Two more professors join Rossier, adding expertise in language learning and motivation

In total, five new faculty members are starting at the school this year

In September, USC Rossier welcomed three new faculty members: Yasemin-Copur Gencturk, Julie Posselt and David Quinn. Two more faculty members have now also been added to the school, as well as two postdoctoral scholars:

Ekaterina Moore Ekaterina Moore joins Rossier as an assistant professor specializing in second language learning.  Her interests are in social aspects of second language acquisition, identity construction in language classrooms, classroom language socialization, and heritage language education.

Before joining Rossier as an assistant professor, she was an adjunct assistant professor at the Rossier MAT-TESOL program, teaching classes in second language learning theories, social foundations of second language learning and teaching, foundations of applied linguistics for TESOL, and technology in language teaching and curriculum design. Moore earned her PhD in applied linguistics from UCLA specializing in classroom discourse analysis. Her research can be found in Linguistics and Education, Text and Talk and Pragmatics and Society.

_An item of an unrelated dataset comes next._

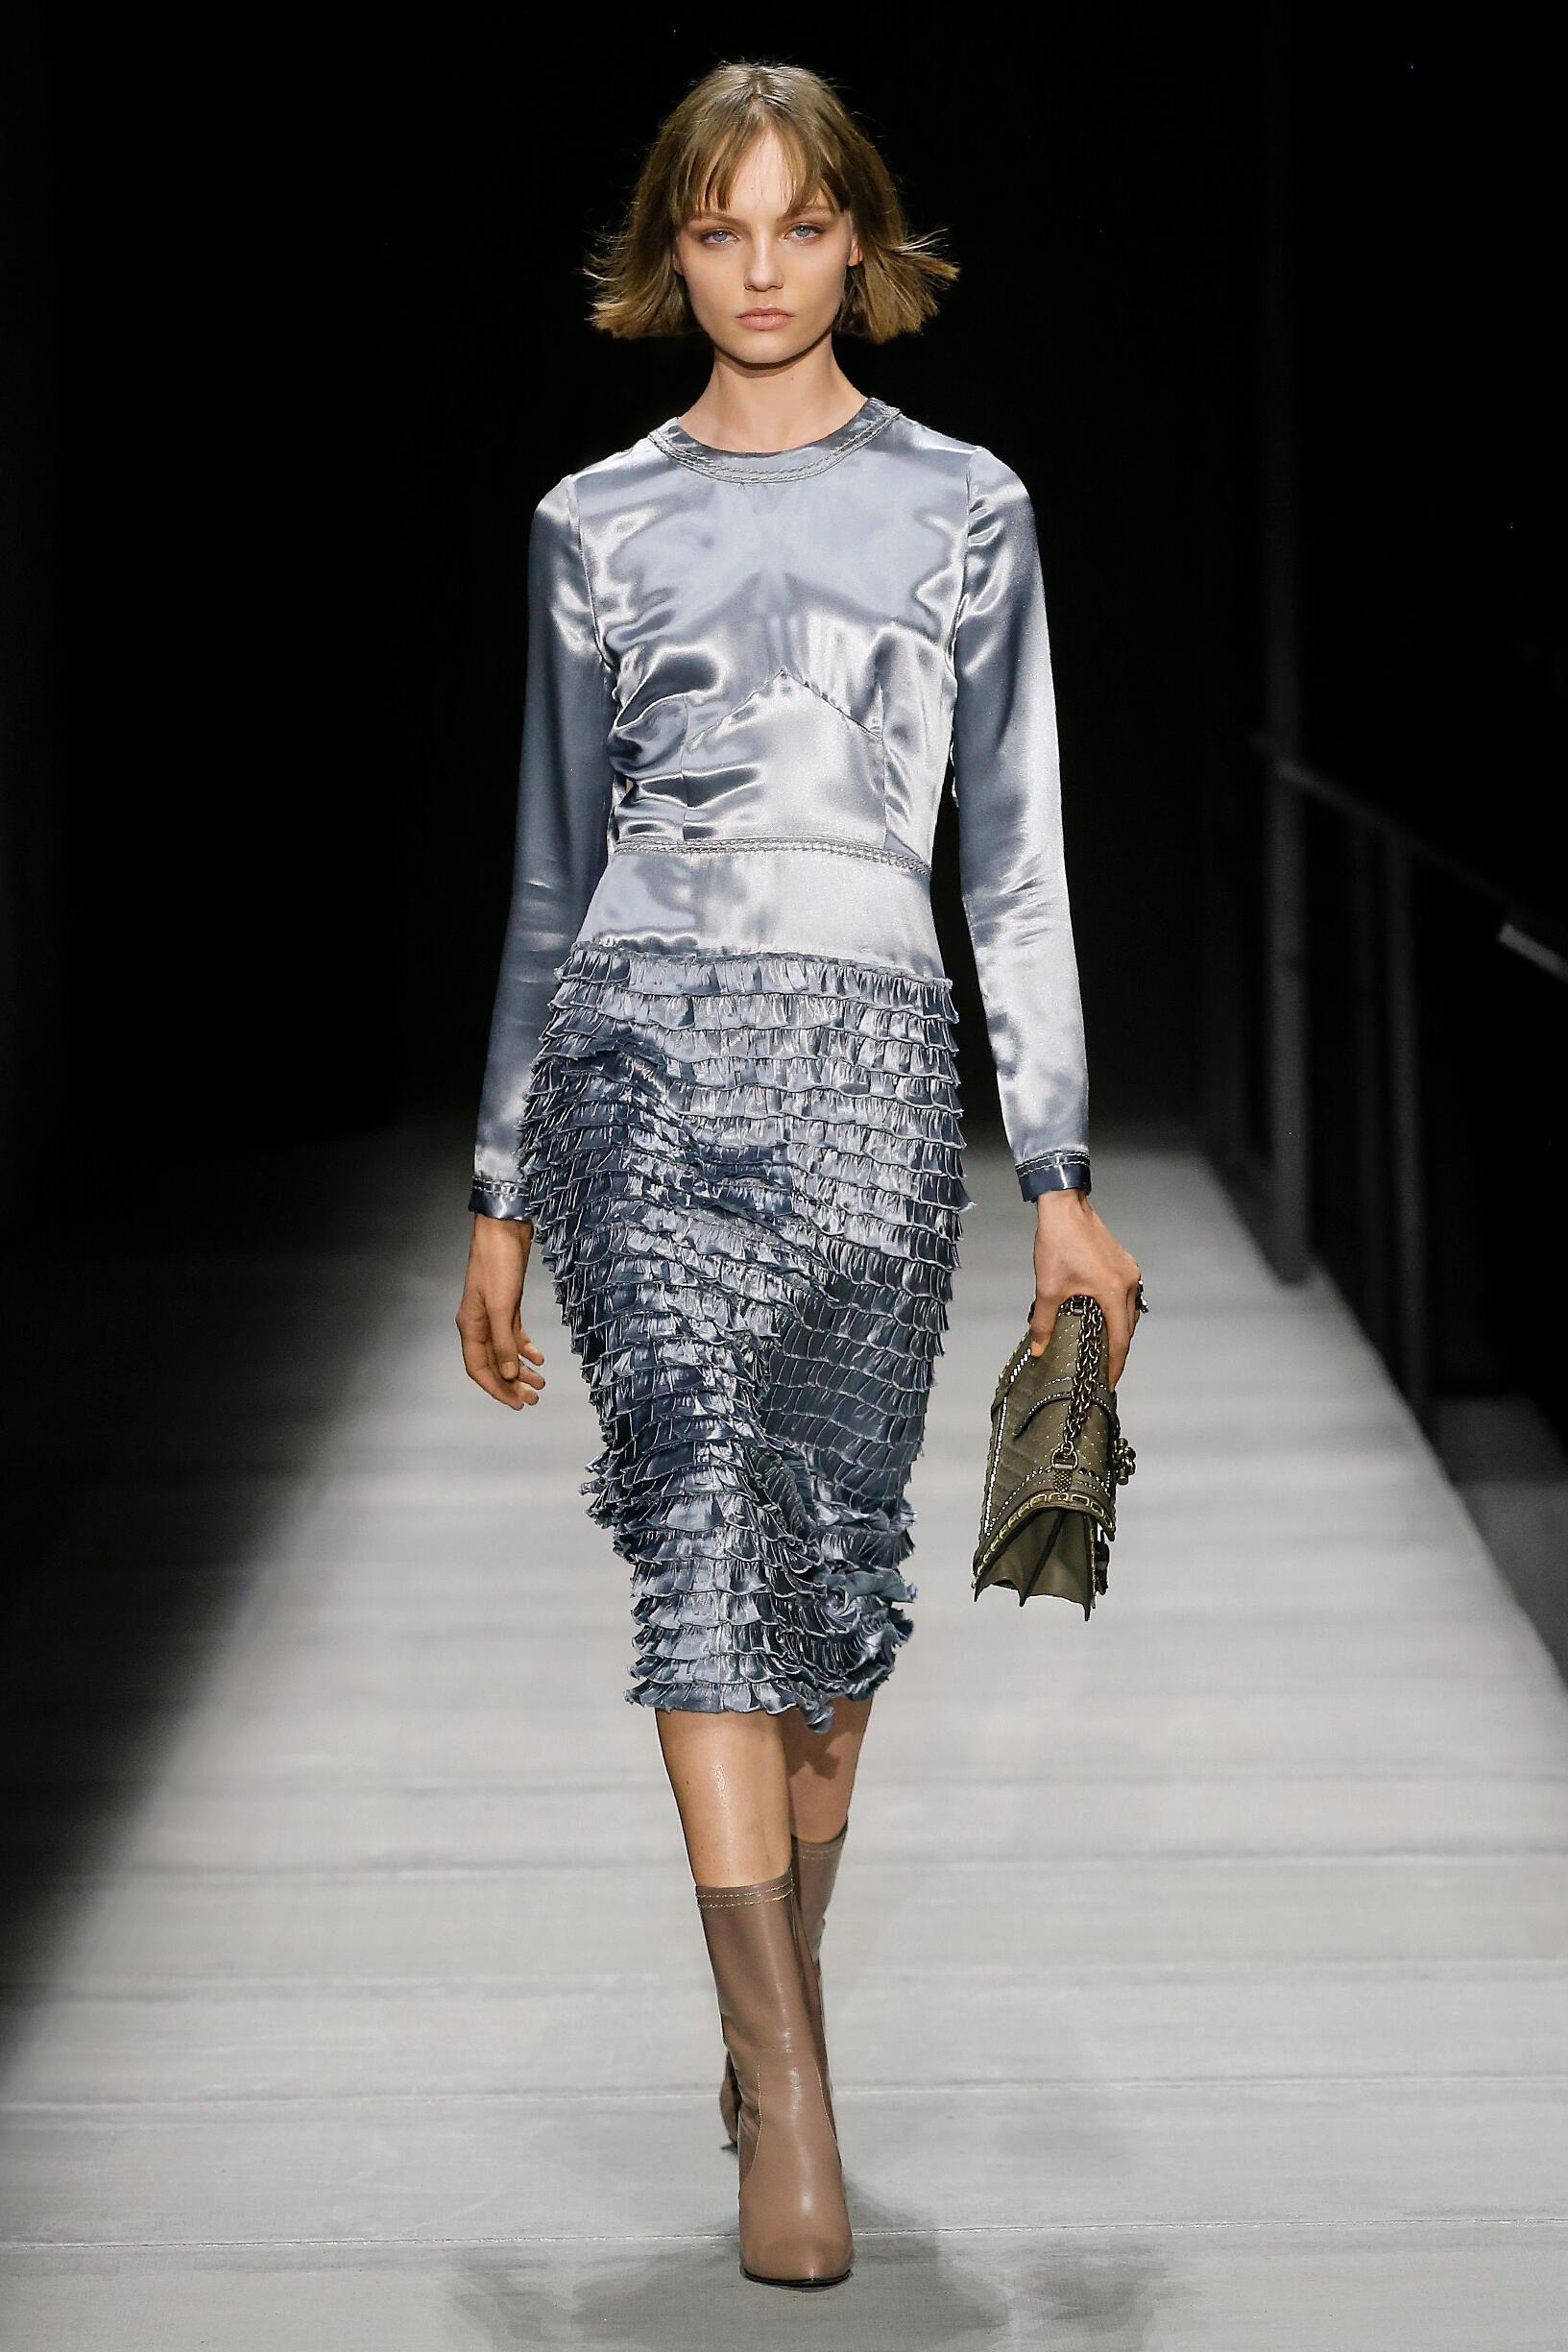 Fashion Woman Model Bottega Veneta Catwalk

Erika A. Patall Erika A. Patall will join USC Rossier in January as an associate professor of education. She received her bachelor degree in psychology at McGill University in 2003 and her PhD in social psychology from Duke University in 2009. Broadly, Patall is interested in the interface between social psychological theory and education. Her research interests include the determinants and development of motivation, the role of choice and autonomy in motivation and achievement, how the activities of children outside of school (including homework and parental involvement) influence their motivation and academic achievement, and the development and use of meta-analytic methods in social science research.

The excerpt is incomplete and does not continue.